Using Tablet (or IGV), identify a region with only a few reads, where all the read pairs are present in the same orientation (i.e. transcription is only seen for one strand). Create a test annotation file that spans this region. In the following gff3 example, replace the <ContigName> with the name of the contig containing the selected region, and <from> and <to> with the numeric coordiantes defining the region:

<ContigName> testSource mRNA <from> <to> . + . ID=ID1;Parent=ID1;Name=ID1

<ContigName> testSource exon <from> <to> . + . Parent=ID1

(Use Tablet to make sure the annotation is created correctly)

The following R code will count the reads contained in the defined region:

library(ShortRead)

library(rtracklayer)

aln <- readGAlignmentPairsFromBam('/path/to/BAMfile.bam', use.names=T)

genes<-import('/path/to/testAnnotationFile.gff3', asRangedData=FALSE)

splitgenes<-split(genes,genes$ID)

genehits<-summarizeOverlaps(splitgenes,aln,mode="Union",singleEnd=FALSE, ignore.strand=FALSE)

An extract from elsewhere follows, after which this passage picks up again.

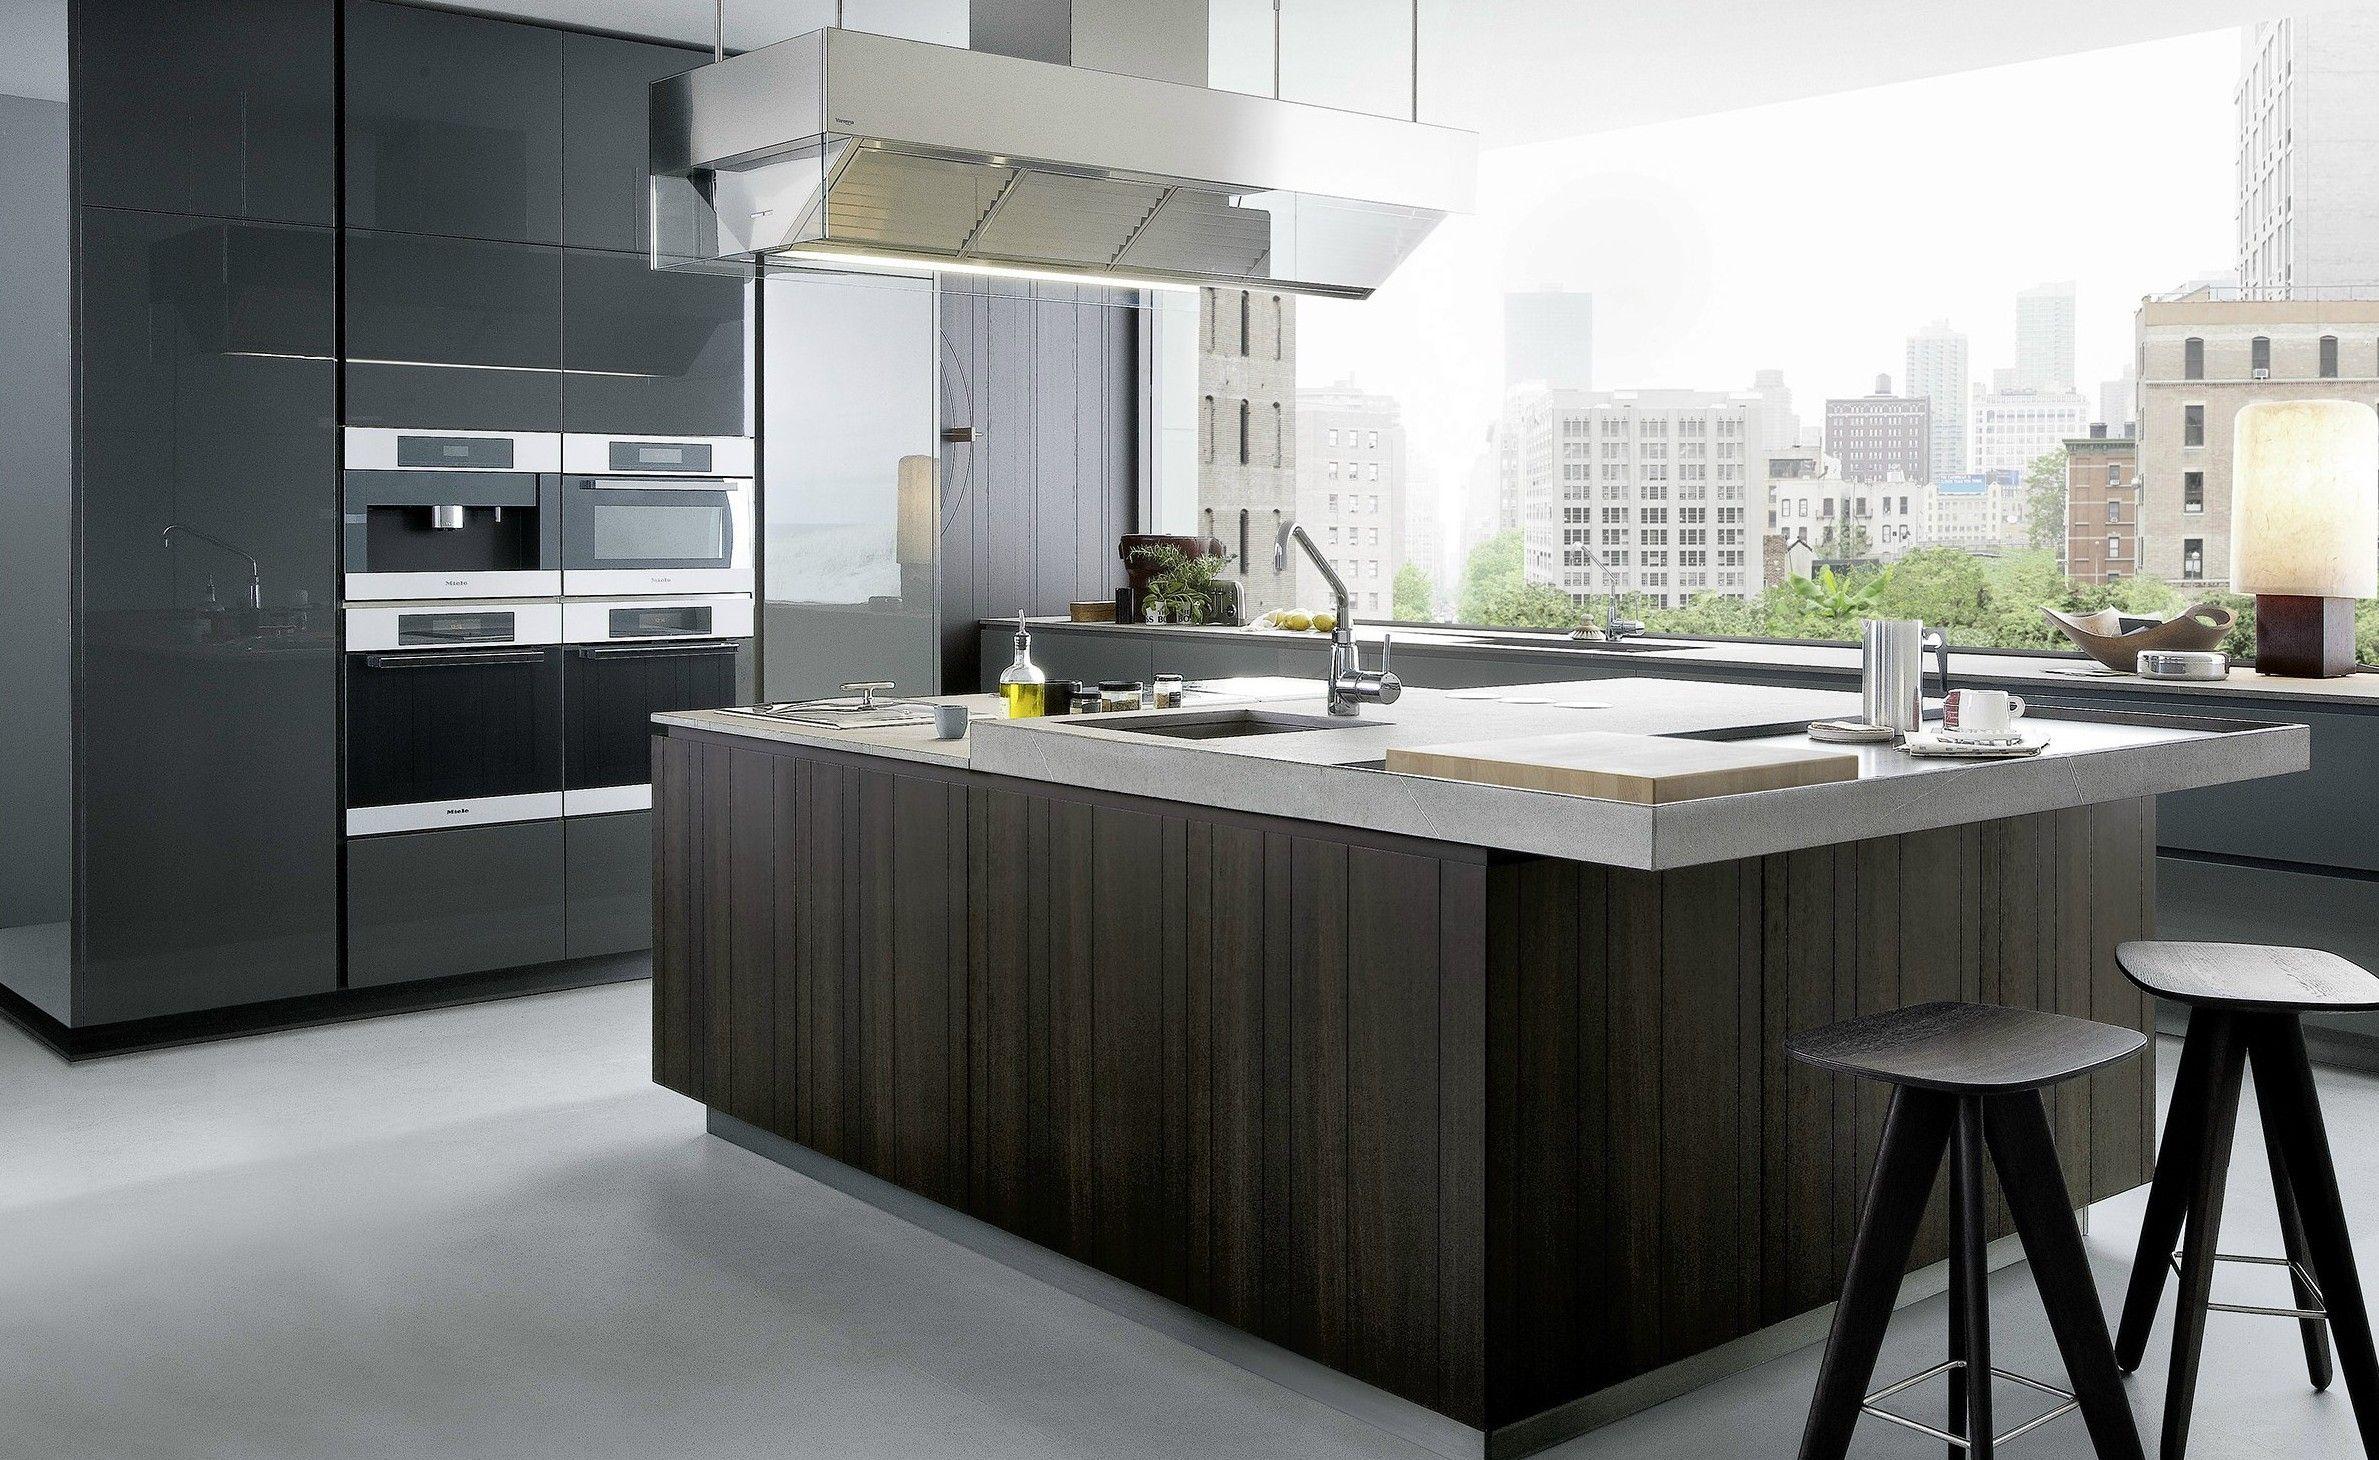 Muebles de cocina gunni trentino cocinas pinterest for Modelos cocinas integrales modernas
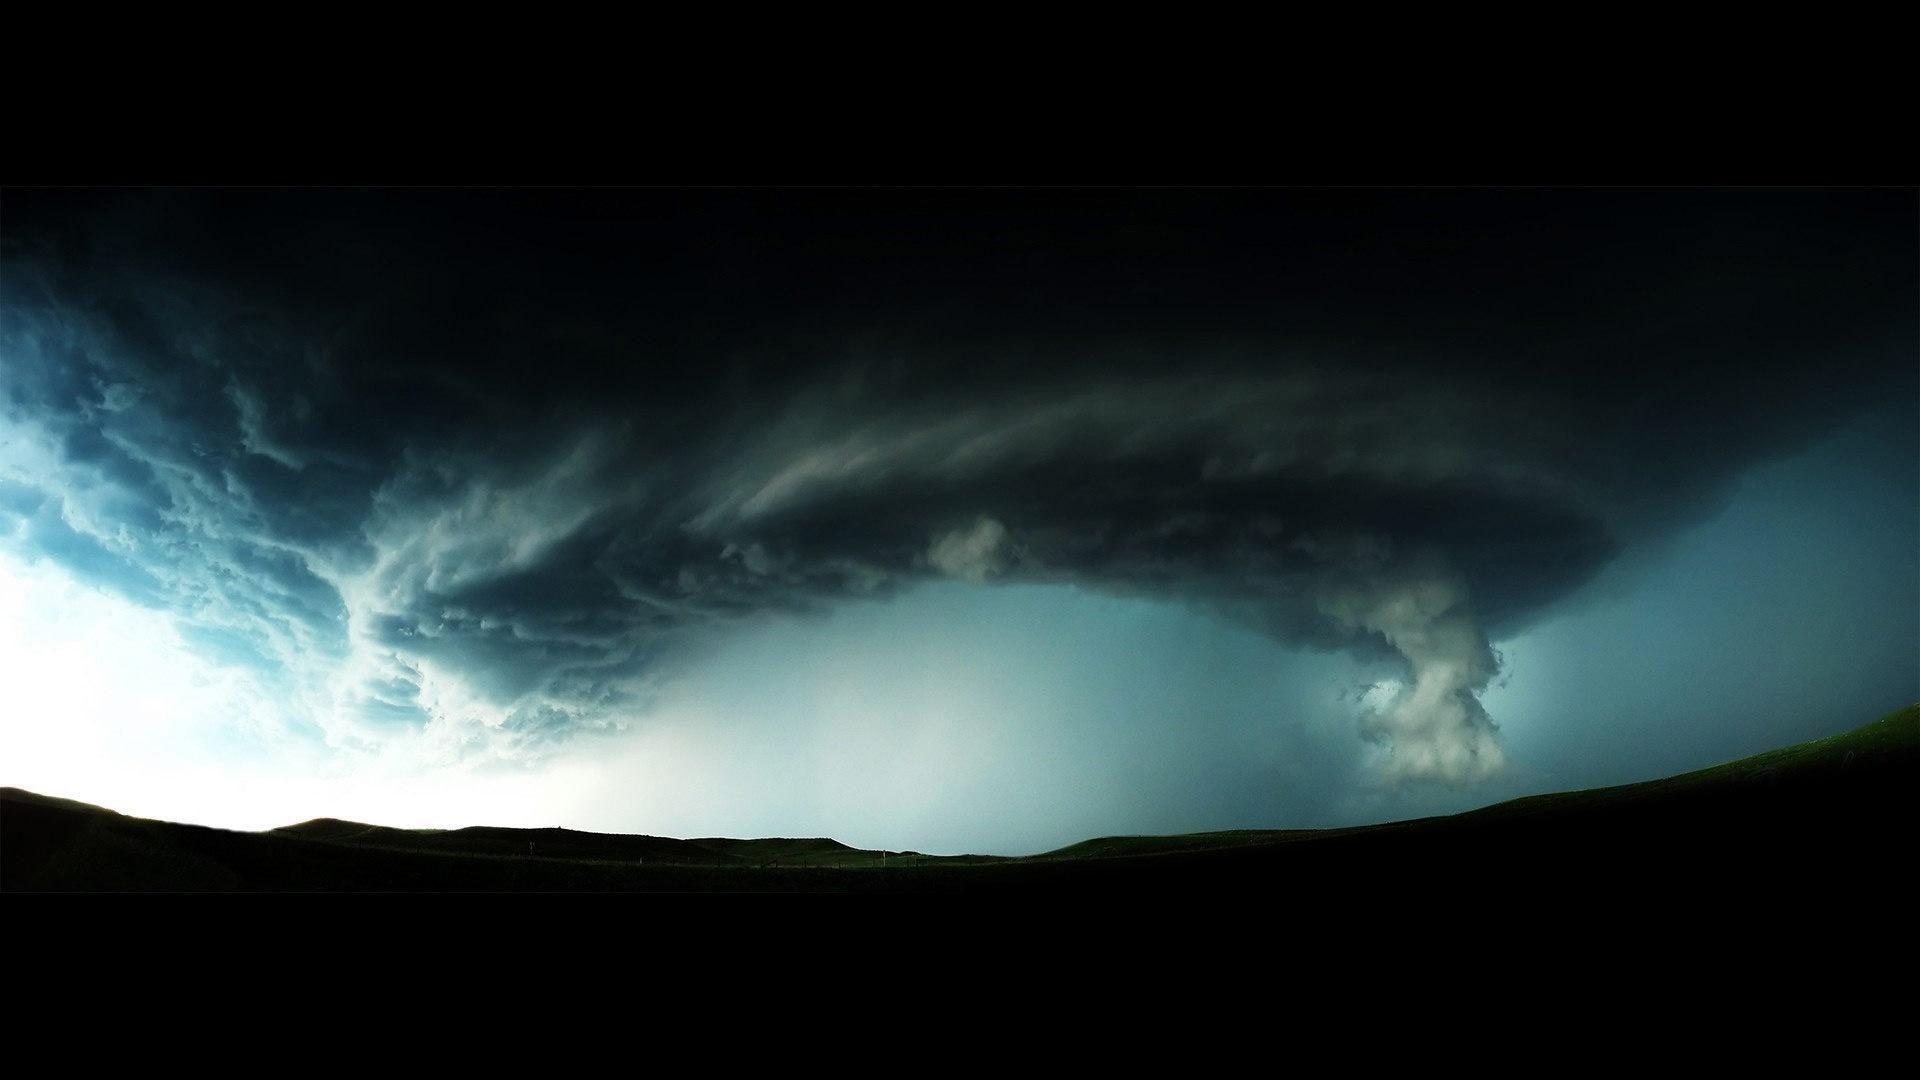 壁紙 竜巻 黒い雲 危険な天気 1920x1080 Full Hd 2k 無料の

counts<-assays(genehits)$counts

counts

This will print the number of reads (of rather, number of fragments) that map to the defined region (it will be zero if the reads stem from the anti-sense strand - the test annotation was created for the "+" strand).

Using HTSeq-count

If using the HTSeq-count python program for read counting, the --stranded parameter must be set to "yes" to count the stranded data in our example correctly. Alternatively, Tophat can be used with the R1 reads before the R2 reads, followed by import into HTSeq-count using the --stranded=reverse parameter (this seems to be the standard way of using HTSeq, according to the creators of HTSeq).